Now that you understand a lot about the WHY and some other information to guide you. Let’s go over the nut milk basics!

  • Buy the best quality nuts you can afford in bulk
  • The longer you soak the nuts, the creamier the milk will be
  • Always drain, rinse, and blend/juice nuts with fresh filtered water
  • Strain your nut milk with a mesh strainer, cheesecloth, or nut milk bag
  • Sweeten if you want, or don’t
  • Repeat once a week for optimal freshness
  • Use the leftover nut pulp!

How to Use The Leftover Nut Pulp

This is a HUGE benefit of making your own nut milks. The nut pulp can serve so many uses and is a great gluten-free, fiber rich, healthy fat, protein dense, and low carb option in your cooking/baking needs.

Basically, it’s a super nutrient dense food! The most common use of nut pulp is making it into flour, especially with the increase in a popularity of almond flour for paleo, grain-free, or keto eaters. To make the pulp into flour, you basically need to dehydrate the moisture out of it.


Evenly spread the nut pulp onto parchment paper and bake in your oven at its lowest setting and bake for 3-8 hours, depending on when it gets completely dry and crumbles. Stir it every now and then to mix it up and test how dry it is.

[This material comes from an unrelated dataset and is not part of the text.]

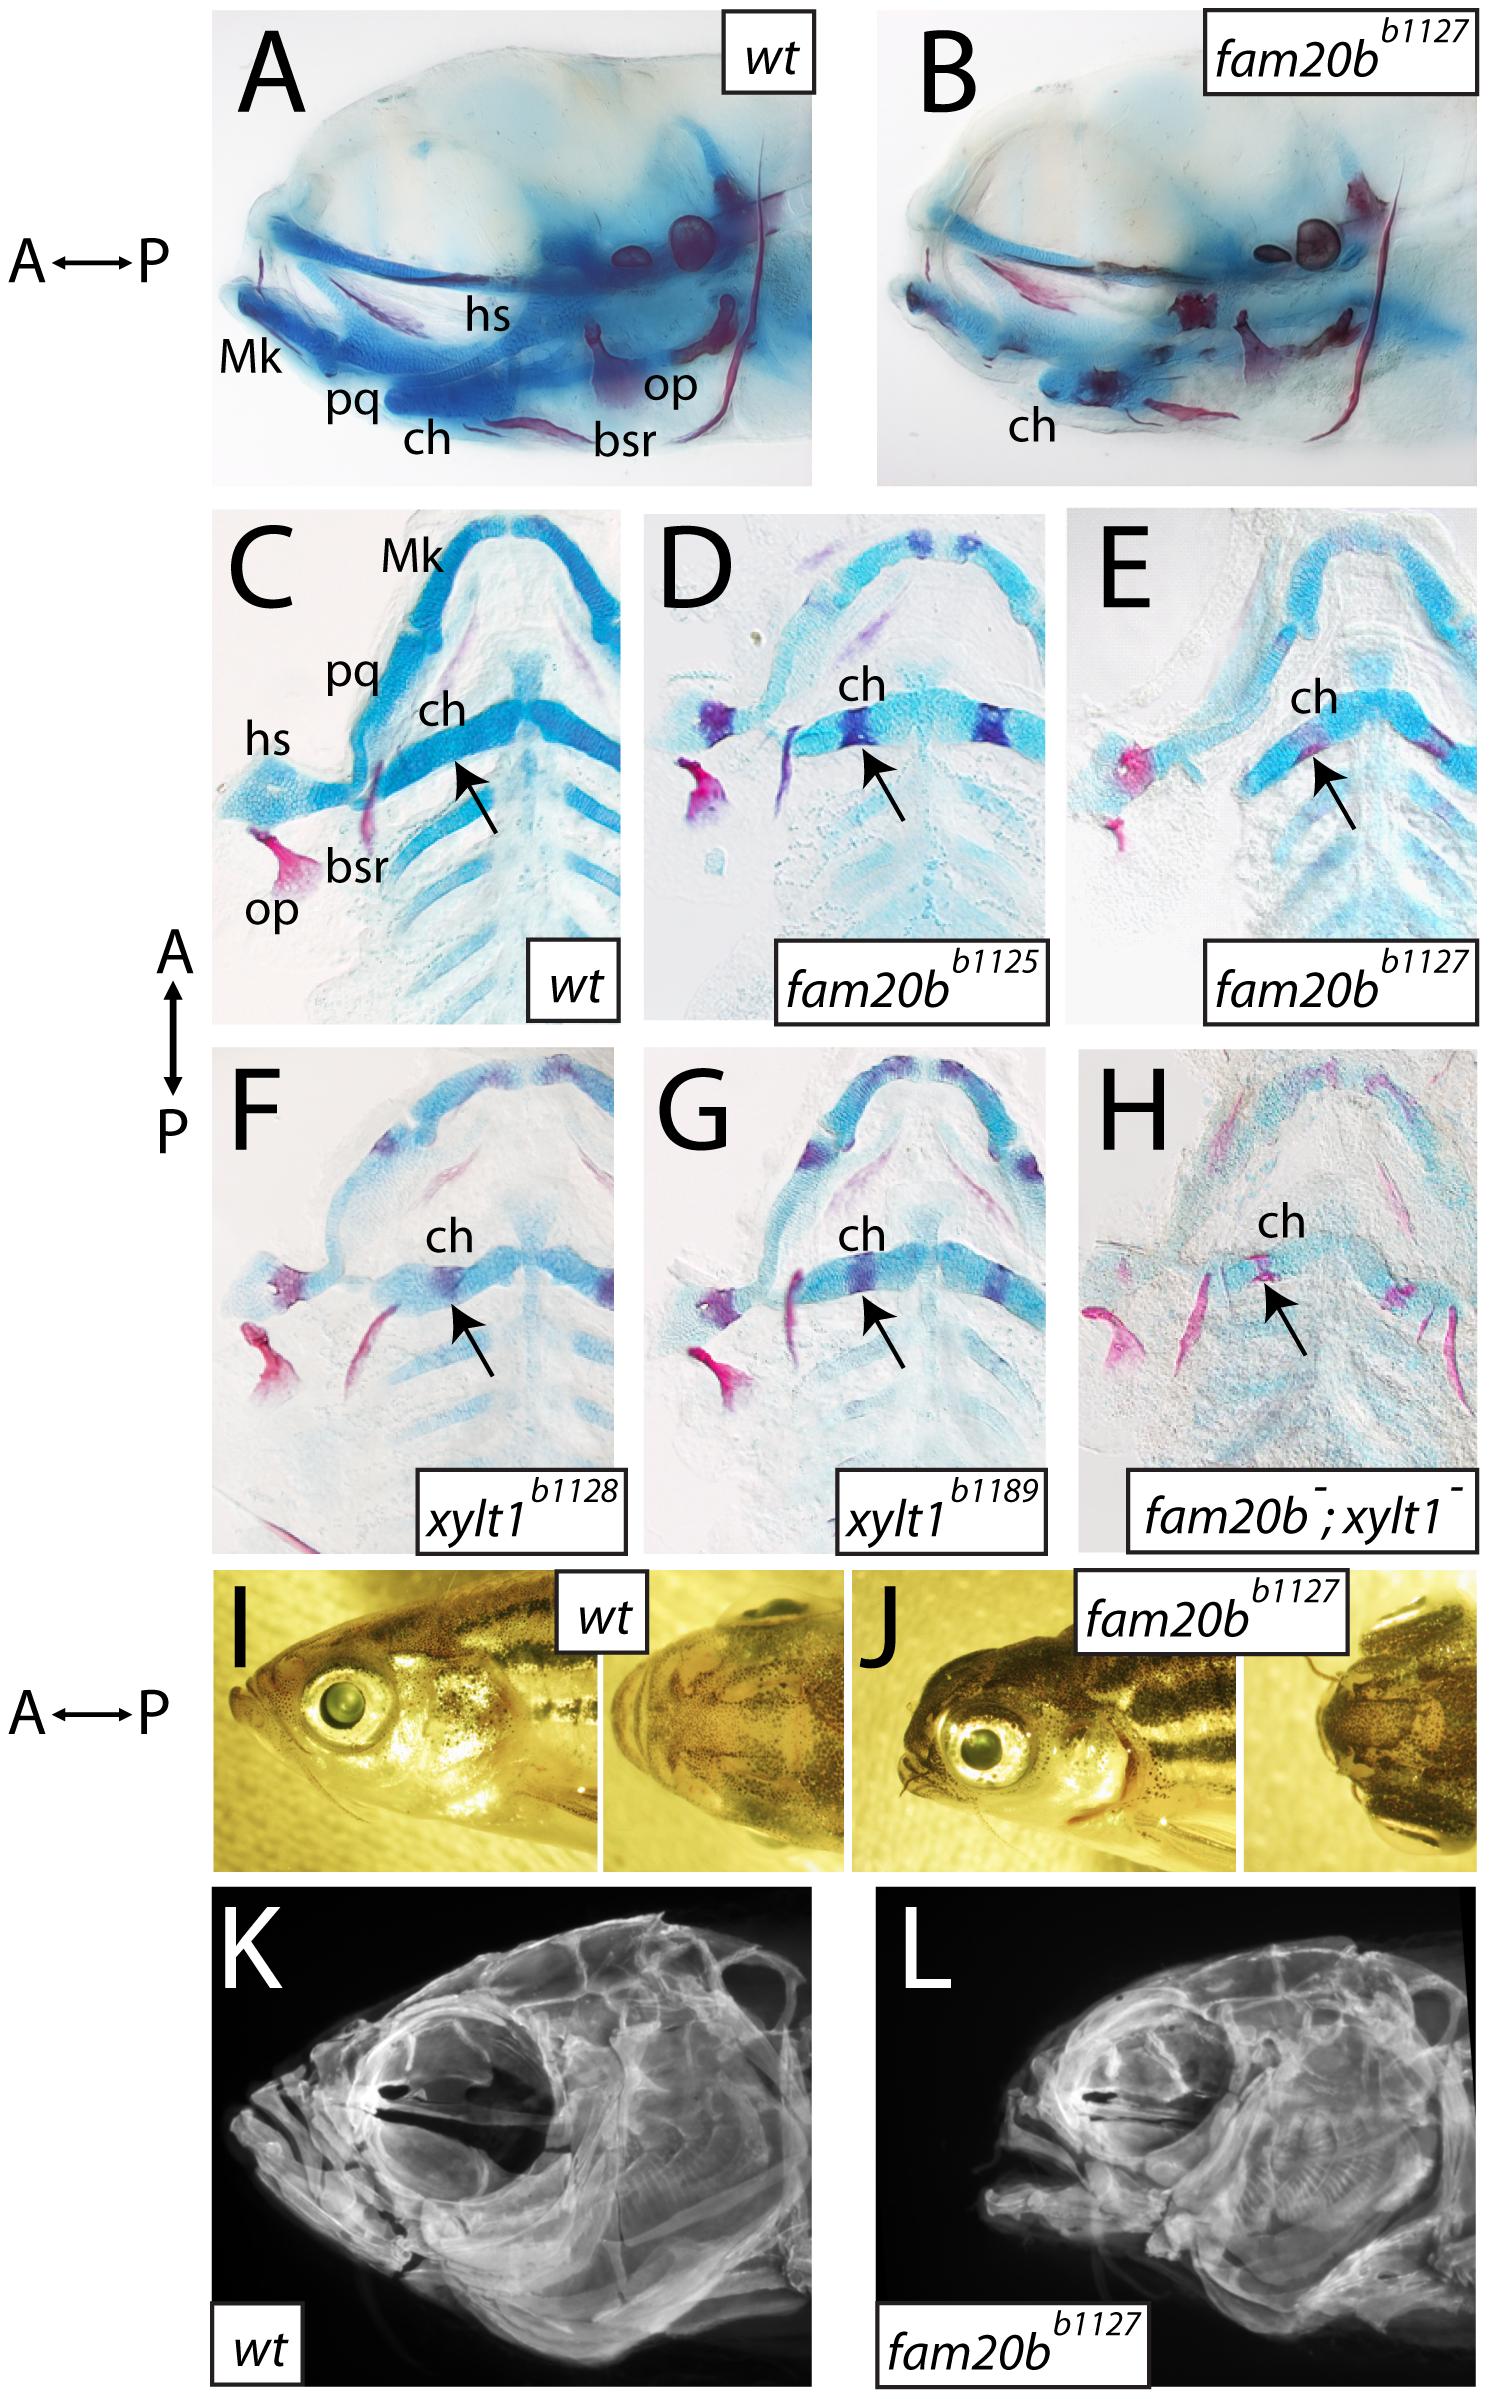 Craniofacial skeletons of mutant zebrafish larvae exhibit increased bone matrix and decreased cartilage matrix.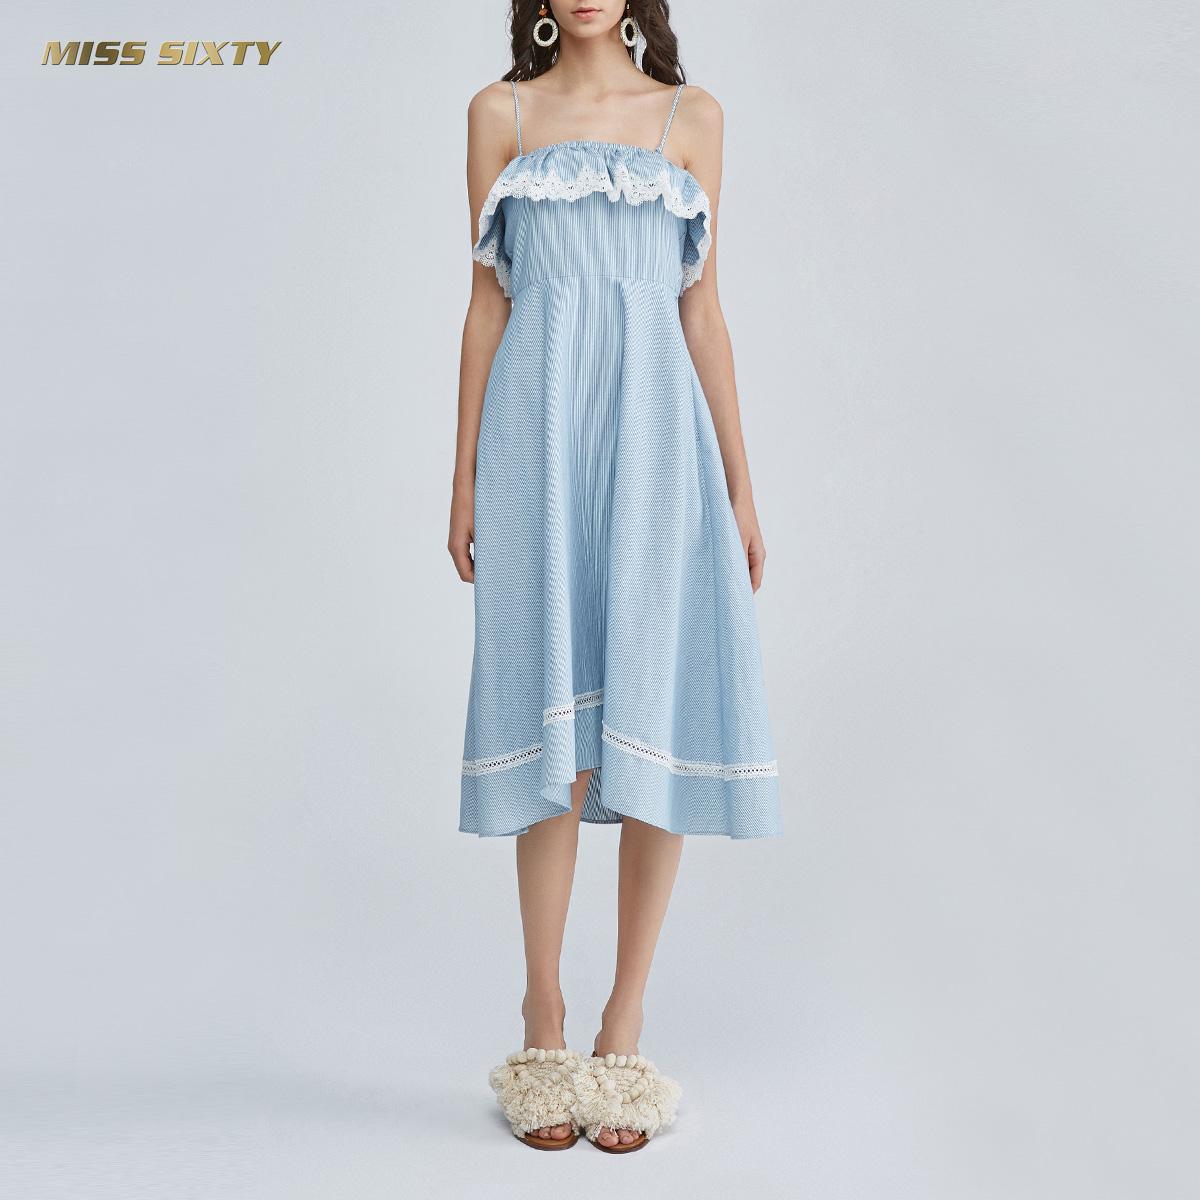 C Miss Sixty2018新款夏季纯棉条纹无袖牛仔连衣裙女682DJ0570000

Dehydrator (why it is my favorite purchase):

Spread the pulp onto a parchment paper covered tray and dehydrate overnight at 115┬║ until dry.

The flour can be used as a substitute in any recipe that uses flour like muffins, pancakes, bread crumbs, pizza crust, and the list goes on. Diego’s favorite (super easy) no-bake cookies are just almond flour, cacao, coconut shreds, and dates mixed together and refrigerated.